[[ Dataset excerpt, beginning ]]

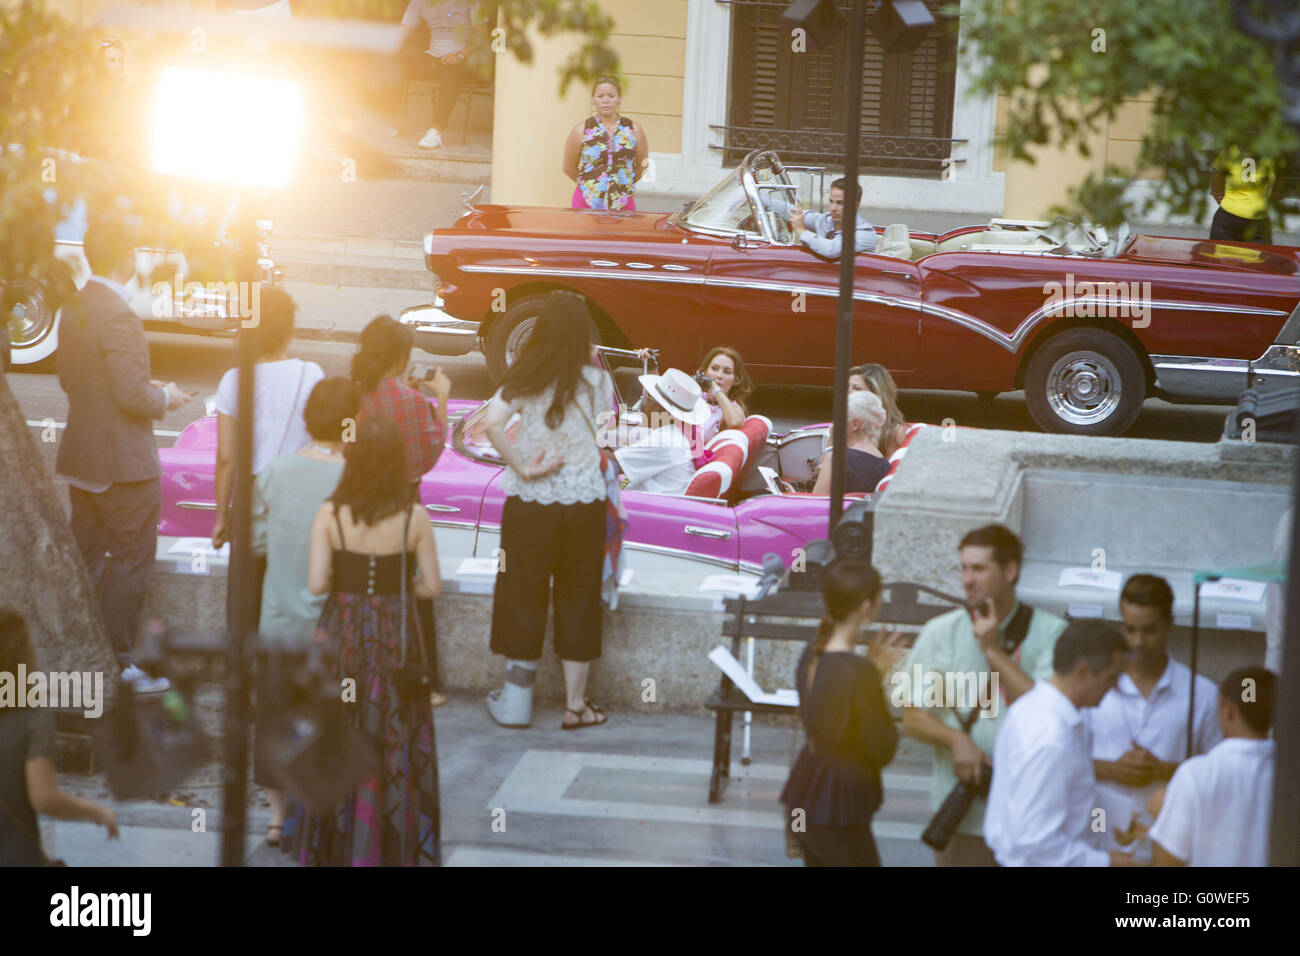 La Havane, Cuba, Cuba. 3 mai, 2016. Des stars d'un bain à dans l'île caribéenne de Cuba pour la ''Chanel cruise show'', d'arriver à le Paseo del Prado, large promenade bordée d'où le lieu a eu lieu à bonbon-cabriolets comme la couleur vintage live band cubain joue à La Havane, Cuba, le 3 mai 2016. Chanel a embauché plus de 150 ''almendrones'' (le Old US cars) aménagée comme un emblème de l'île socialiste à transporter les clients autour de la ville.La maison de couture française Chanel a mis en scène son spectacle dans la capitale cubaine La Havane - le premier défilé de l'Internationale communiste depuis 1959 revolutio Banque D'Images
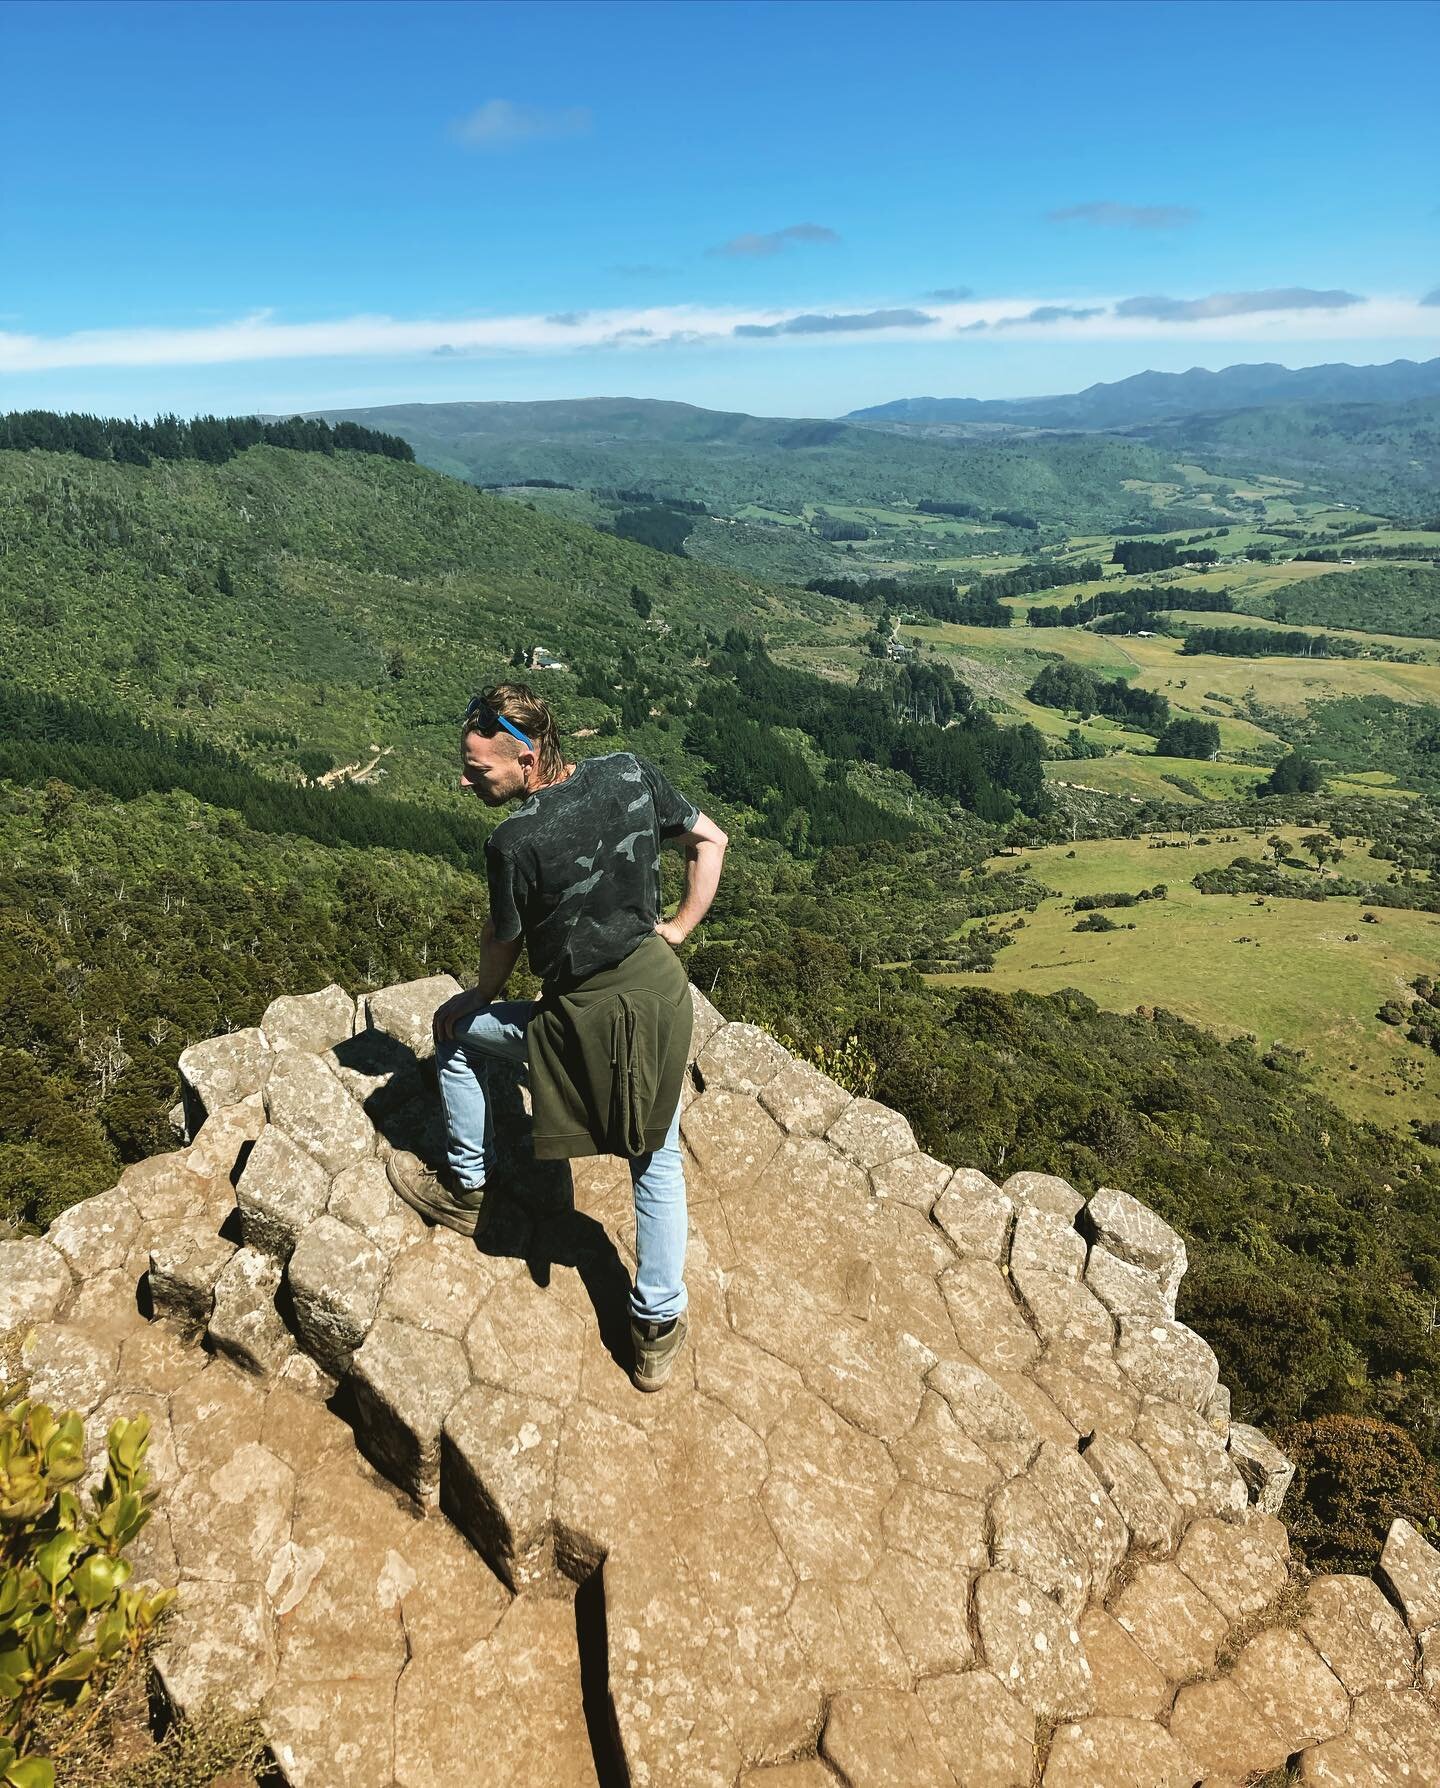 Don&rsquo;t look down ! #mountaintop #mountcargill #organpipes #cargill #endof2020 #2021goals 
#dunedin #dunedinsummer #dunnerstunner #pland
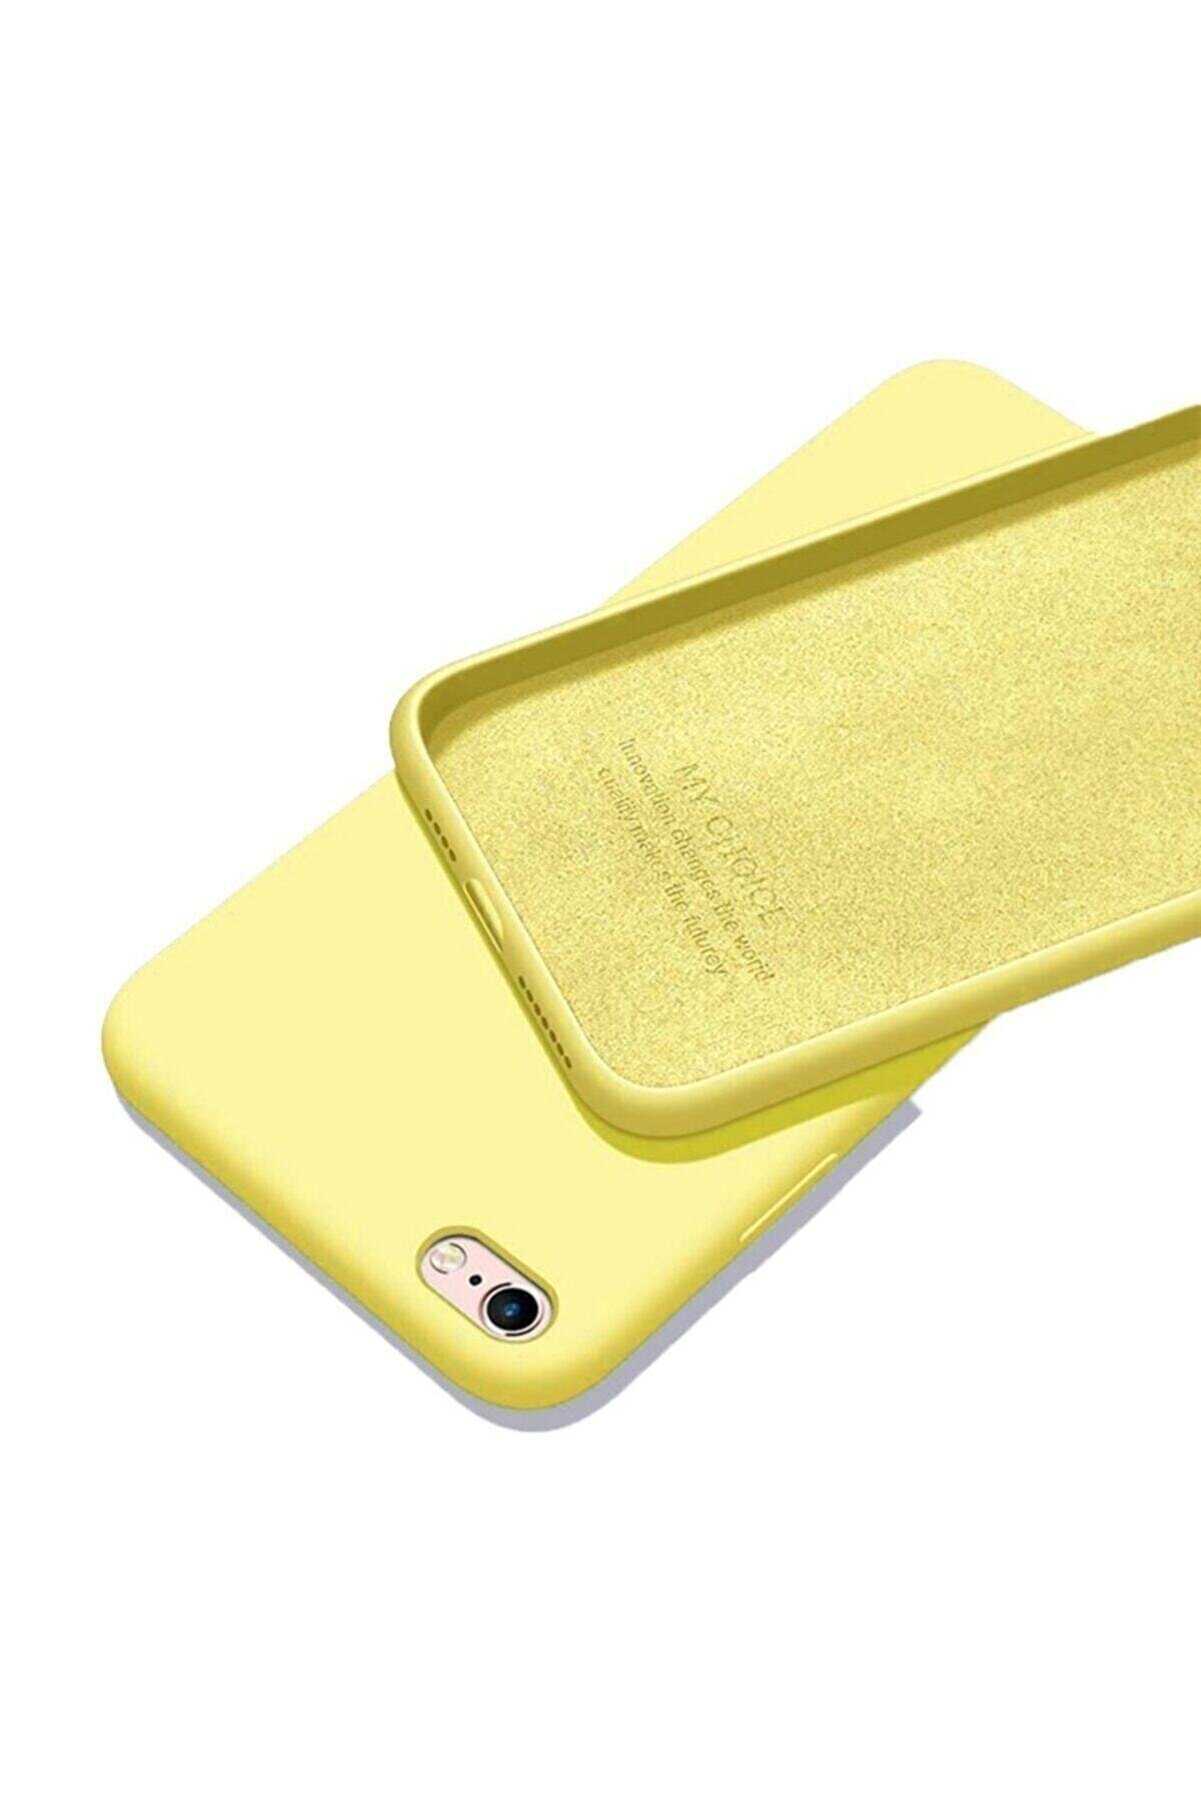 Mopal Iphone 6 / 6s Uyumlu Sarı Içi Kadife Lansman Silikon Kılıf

[[ Dataset excerpt, end ]]

**Work to be completed**: Give the listing above again exactly, minus any images.

**Solved exercise**:
 La Havane, Cuba, Cuba. 3 mai, 2016. Des stars d'un bain à dans l'île caribéenne de Cuba pour la ''Chanel cruise show'', d'arriver à le Paseo del Prado, large promenade bordée d'où le lieu a eu lieu à bonbon-cabriolets comme la couleur vintage live band cubain joue à La Havane, Cuba, le 3 mai 2016. Chanel a embauché plus de 150 ''almendrones'' (le Old US cars) aménagée comme un emblème de l'île socialiste à transporter les clients autour de la ville.La maison de couture française Chanel a mis en scène son spectacle dans la capitale cubaine La Havane - le premier défilé de l'Internationale communiste depuis 1959 revolutio Banque D'Images
 Don&rsquo;t look down ! #mountaintop #mountcargill #organpipes #cargill #endof2020 #2021goals 
#dunedin #dunedinsummer #dunnerstunner #pland
 Mopal Iphone 6 / 6s Uyumlu Sarı Içi Kadife Lansman Silikon Kılıf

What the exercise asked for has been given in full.